Berkeley Center

Berkeley Divinity School at Yale

Berkeley Divinity School was founded in 1854. The seminary looks back with pride on the rich history that has brought Berkeley to a place of distinction among Episcopal seminaries and theological schools.

History & Identity

Berkeley was founded in 1854 and became full partner and affiliate of Yale Divinity School in 1971.

Berkeley Divinity School is the Episcopal seminary at Yale. Berkeley is vibrant and intimate, while enjoying the benefits of a comprehensive world-renowned faculty, a highly qualified and diverse student body, and libraries and facilities of the highest caliber. 

Berkeley students are formed by the centrality of daily worship, deliberate attention to the spiritual life, and a concentrated course of study in Anglican history and theology. 

The mission of Berkeley Divinity School at Yale is to form and transform lay and ordained leaders for the present and future Episcopal Church and Anglican Communion. A Christian community of worship, learning, and service, it shares in the ecumenical and scholarly vocations of Yale Divinity School.

In 1854, Bishop John Williams of Connecticut saw the need for a new seminary to be a mediating influence during a time of theological division in the Episcopal Church. Williams founded the Berkeley Divinity School in Middletown, Connecticut, as a place where students from the various streams of Anglicanism could learn, worship, live and minister alongside one another. 

Yale became one of the earliest accepted places for Anglican candidates for ministry in America to read theology, graduating such pioneers as Samuel Seabury, the first bishop in The Episcopal Church.

After founding Berkeley, Bishop Williams, who later became Presiding Bishop of the Episcopal Church, served as Dean of the seminary until 1899. As indicated by the School’s motto, in illa quae ultra sunt (“into the regions beyond”), the seminary has for over 150 years prepared clergy, educators and other leaders to serve throughout the church as part of its mission of “restoring all people to unity with God and each other in Christ.”

In 1928, Dean William Palmer Ladd moved Berkeley Divinity School to New Haven, adjacent to the campus of Yale University, both to take advantage of Yale’s resources and to immerse the students in the new social reality of the industrial city. A pioneer of the Liturgical Movement in the Episcopal Church, Dean Ladd envisioned a vibrant sacramental life nourishing an ongoing commitment to social justice that continues to shape Berkeley’s mission to this day.

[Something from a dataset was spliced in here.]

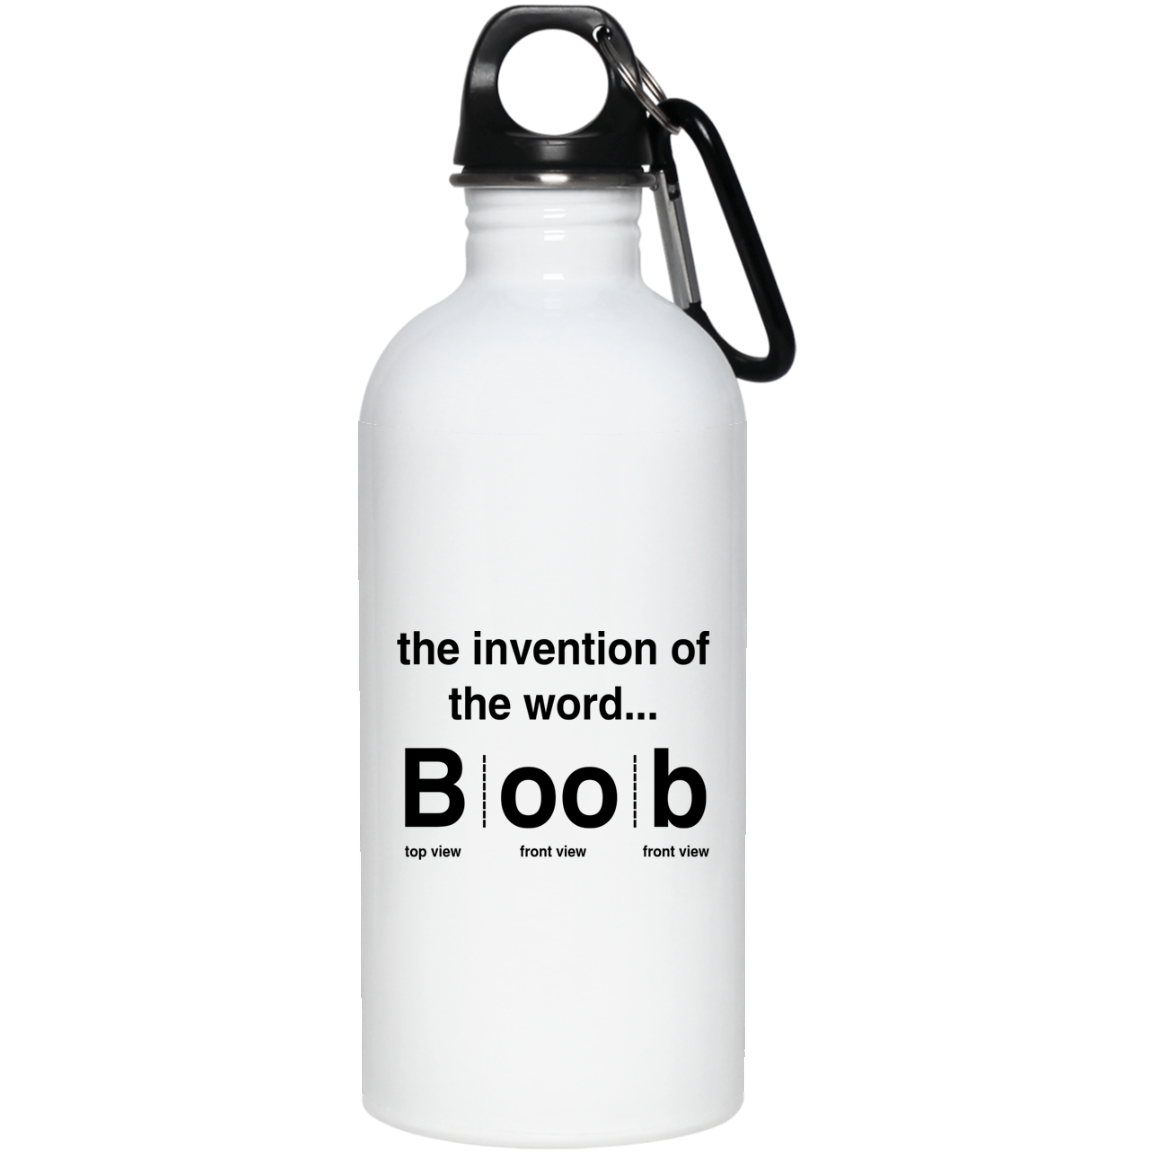 The Invention Of The Word Boob Mug, Coffee Mug, Travel Mug - Q

Berkeley Divinity School at Yale, Berkeley College at Yale, and Berkeley, California all share a namesake: the 18th-century Anglo-Irish philosopher and bishop, George Berkeley. 

In 1729, George Berkeley traveled from Ireland to the Americas. Berkeley purchased and moved into Whitehall farm in Newport, Rhode Island, where he wrote, preached, and founded a philosophical society. There, he dreamed of the Bermuda project: a theological college in Bermuda to train the sons of colonists for ministry. He waited in Newport for funding from King George I that never came. 

While living in Rhode Island, Berkeley developed a friendship with Samuel Johnson, Yale class of 1714, an Anglican priest who is sometimes called “The Father of the Episcopal Church in Connecticut.” Samuel Johnson would go on to found King’s College (now Columbia University). Due to encouragement from Samuel Johnson, when George Berkeley abandoned the Bermuda project, he left his estate in Newport and 900 books to a college in Connecticut that would later be called Yale. Yale’s first endowed scholarships were provided by income from Berkeley’s estate.

Yale and Slavery: A History by Sterling Professor of History David W. Blight reminds us of the difficulties attached to the figure of George Berkeley. Enslaved laborers worked Whitehall farm before and after Berkeley donated it to Yale, and George Berkeley is known to have bought at least three enslaved people himself. Berkeley made his views on slavery publicly known. While he “advocated for the baptism of enslaved people, and he condemned what he called ‘an irrational Contempt for the Blacks, as Creatures of another Species’” (Yale and Slavery: A History, 61), he did not challenge slavery and suggested that the conversion of slaves to Christianity could even benefit slaveholders. 

Berkeley was Yale’s benefactor long before Berkeley Divinity School was founded, but his reputation as scholar, educator, and bishop led the founders of the school to use his name a century after his time in the American colonies.

As a seminary of the Episcopal Church, Berkeley affiliated with Yale Divinity School in 1971, making it the only Episcopal seminary to be fully associated with a major research university. 

While Berkeley retains its distinctive Anglican identity and retains an independent board of trustees and administration, its students are admitted by and fully enrolled as members of Yale Divinity School. 

As Berkeley seminarians, students are formed by the centrality of daily corporate worship, deliberate attention to the spiritual life, and a concentrated course of study in Anglican history and theology. At the same time, as Yale students, they are incorporated into the rigorous academic program of a divinity school with a world-renowned faculty and library. They enjoy the full resources of the various professional schools, departments, and extra-curricular programs of Yale University.